LTG Cargo umgeht Weißrussland

LTG Cargo hat einen Testzug vom Kaunas Intermodal Terminal (KIT) für die Ukraine über Polen sowie in Gegenrichtung gestartet. Vom KIT aus kann die Fracht effizient in ganz Litauen und im gesamten Ostseeraum verteilt werden. Dies ist das erste Mal in der Geschichte Lietuvos Geležinkeliai (LTG), dass Fracht aus der Ukraine Litauen auf der Schiene unter Umgehung von Weißrussland erreicht.

Estnische Bahn sucht nach Alternativen

Der Güterverkehr in Estland ist nach Einführung der Sanktionen gegen Russland auf fast Null gesunken. Im vergangenen Jahr belief sich das Volumen noch auf 12,8 Mio. t, davon fast 9,5 Mio. t im Transit. Durch die Sanktionen gingen alle Transporte von Öl und Düngemittel aus der Republik Belarus verloren.

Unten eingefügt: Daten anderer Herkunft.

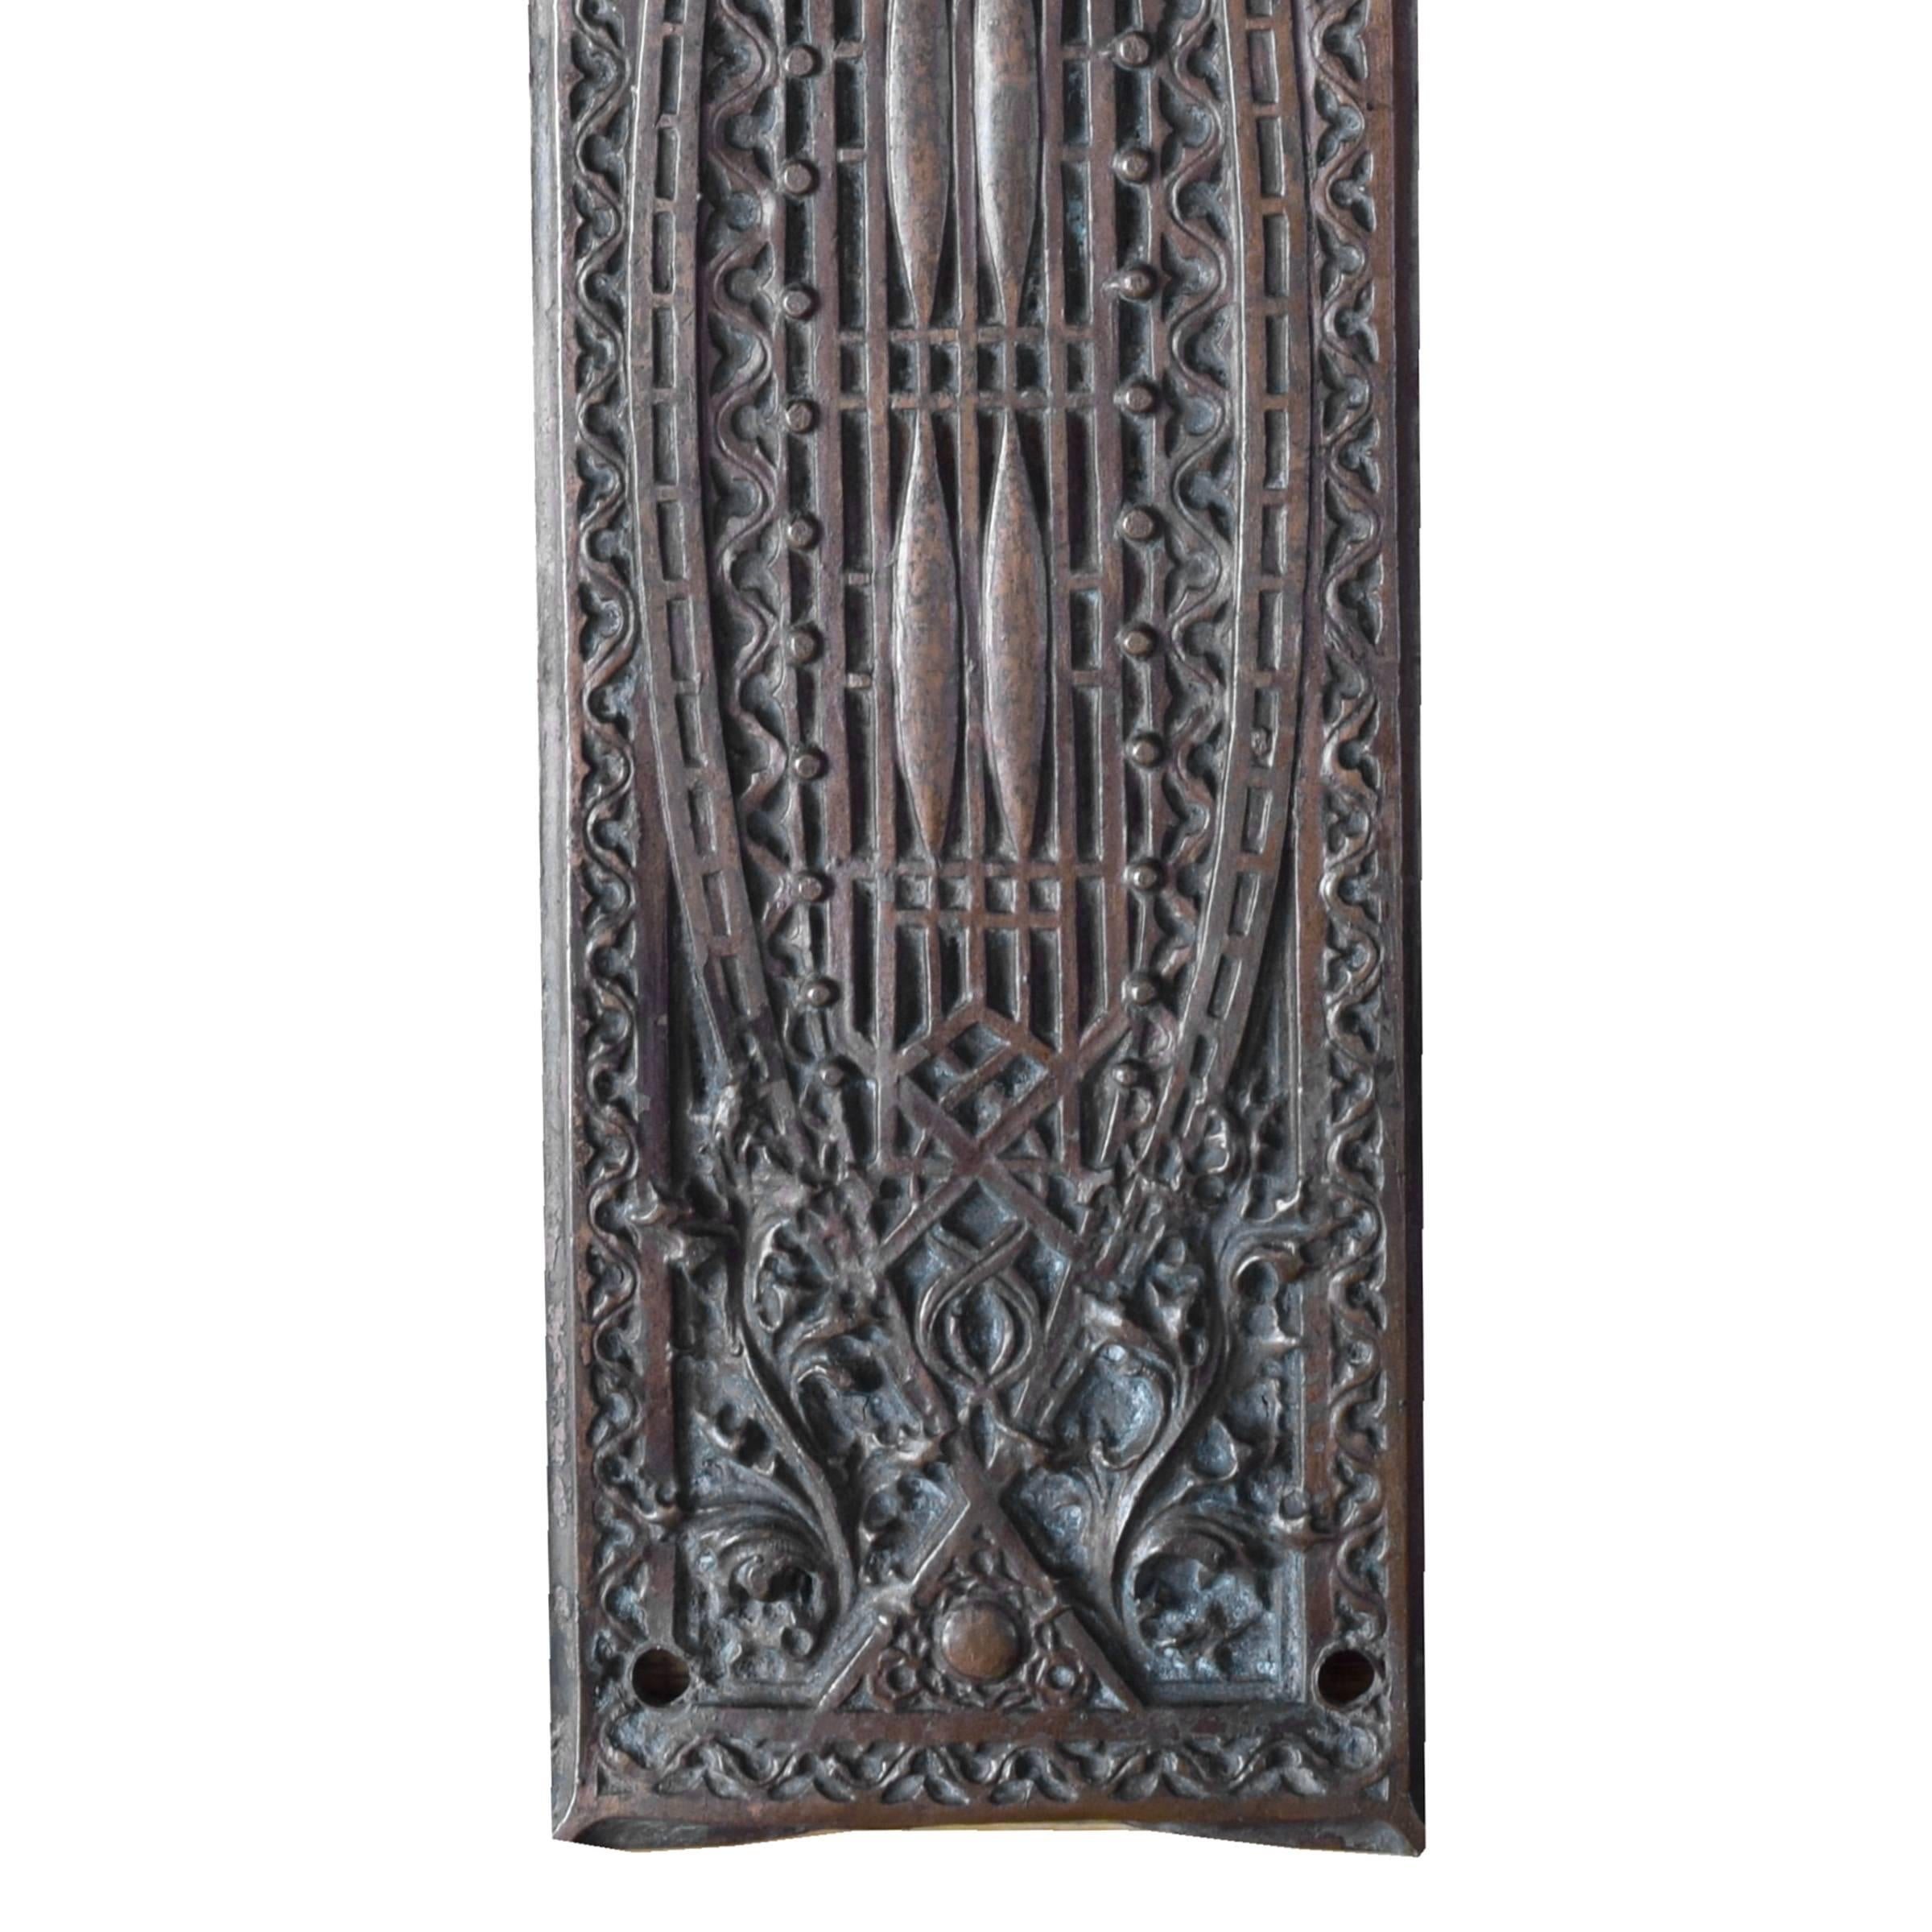 An extremely rare Louis Sullivan designed stamped copper first floor elevator enclosure grille T-plate from the Chicago Stock Exchange, 1893, designed by the legendary firm of Adler and Sullivan.

Statt ganzer Züge verkehren heute täglich nur 10 bis 20 Güterwagen über die russische Grenze. Dies bedeutet für Estlands Eisenbahn, die vor einigen Monaten hauptsächlich mit dem Transport von Gütern aus Russland und Weißrussland beschäftigt war, sich neu orientieren zu müssen.

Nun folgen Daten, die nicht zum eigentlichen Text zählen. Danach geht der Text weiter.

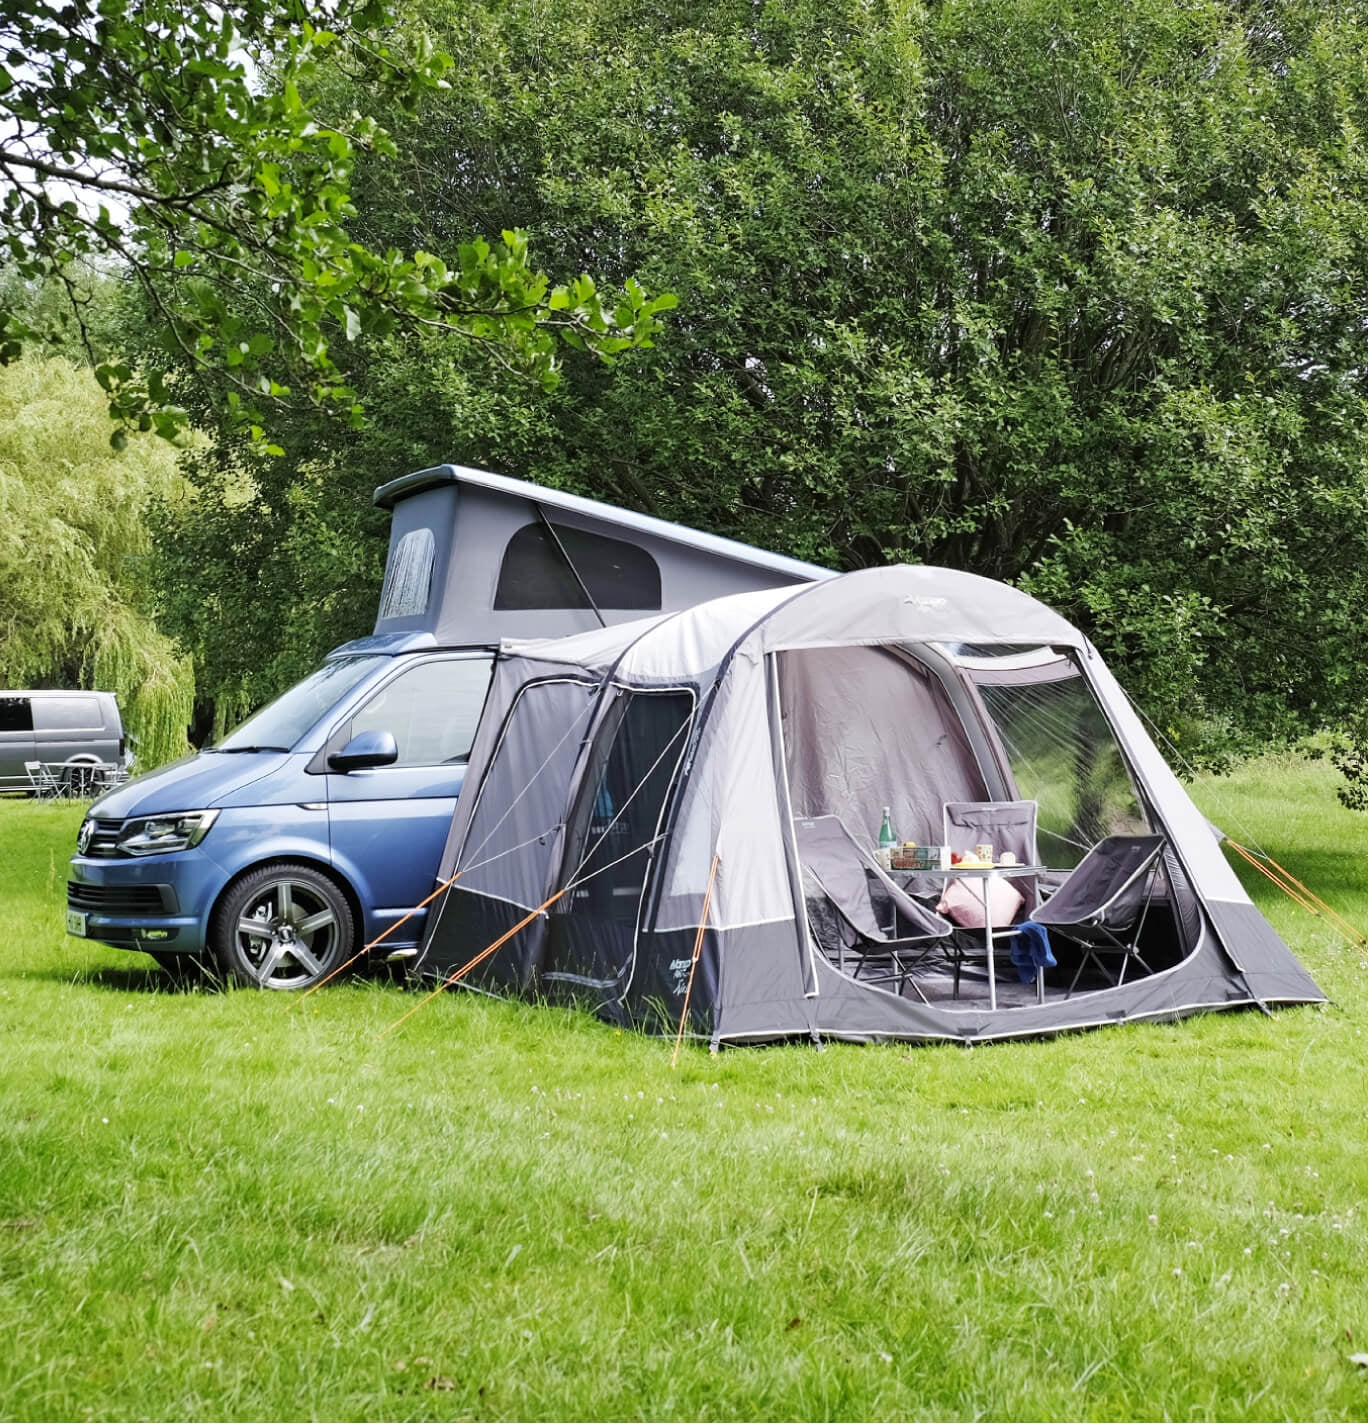 Vango Kela pitched to a VW with camping furniture set up

Kasachstan und Usbekistan, deren Getreide, Öl und Stahl zuvor die Häfen im Schwarzen Meer anliefen, begannen nach Möglichkeiten zu suchen, diese über andere Häfen im Baltikum und Finnland zu verschiffen, da das Schwarze Meer jetzt für die Schifffahrt gesperrt ist. Momentan wird kasachisches Getreide für das Terminal in Muuga erwartet, ebenso Öl für den Kraftstoffhändler Alexela, allerdings zunächst nur eine kleine Charge. Die russische Seite hat hier mit dem Transport von Metallerz für Fabriken in Belgien begonnen.

Die Ukraine möchte ihr Getreide über die baltischen Häfen exportieren, was aber auf einige Probleme stößt. Da man nicht mehr durch Weißrussland fahren kann und aufgrund der anderen Spurweite in Polen bedeutet das, dass sie ihre Waren zunächst in Polen auf Güterwagen mit 1.435-mm-Spurweite verladen müssten. Weder an der ukrainisch-polnischen Grenze noch an der polnisch-litauischen Grenze gibt es aber Ladestellen, an denen Getreide verladen werden kann. Estland hat zwar viele Getreideterminals mit Gleisanschluss, die Terminals könnten bis zu einer Million Tonnen pro Jahr per Bahn erhalten, die estnische Bahn hat aber keine Getreidewagen. Bisher wurden die Güterwagen meistens aus Russland gekauft, was heute nicht mehr geht.

Ein weiteres Problem sind die stark begrenzten Kapazitäten an der polnisch-litauischen Grenze, laut Angaben der litauischen Eisenbahn sind 4-5 Zugpaare pro Tag das händelbare Maximum, und die dortigen Containerterminals sind bereits mit eigenen Zügen von Kaunas nach Polen belegt. Es ist zwar möglich, Getreide in Containern zu transportieren, aber die Mengen, die aus der Ukraine exportiert werden müssen, sind aktuell sehr schwierig zu transportieren.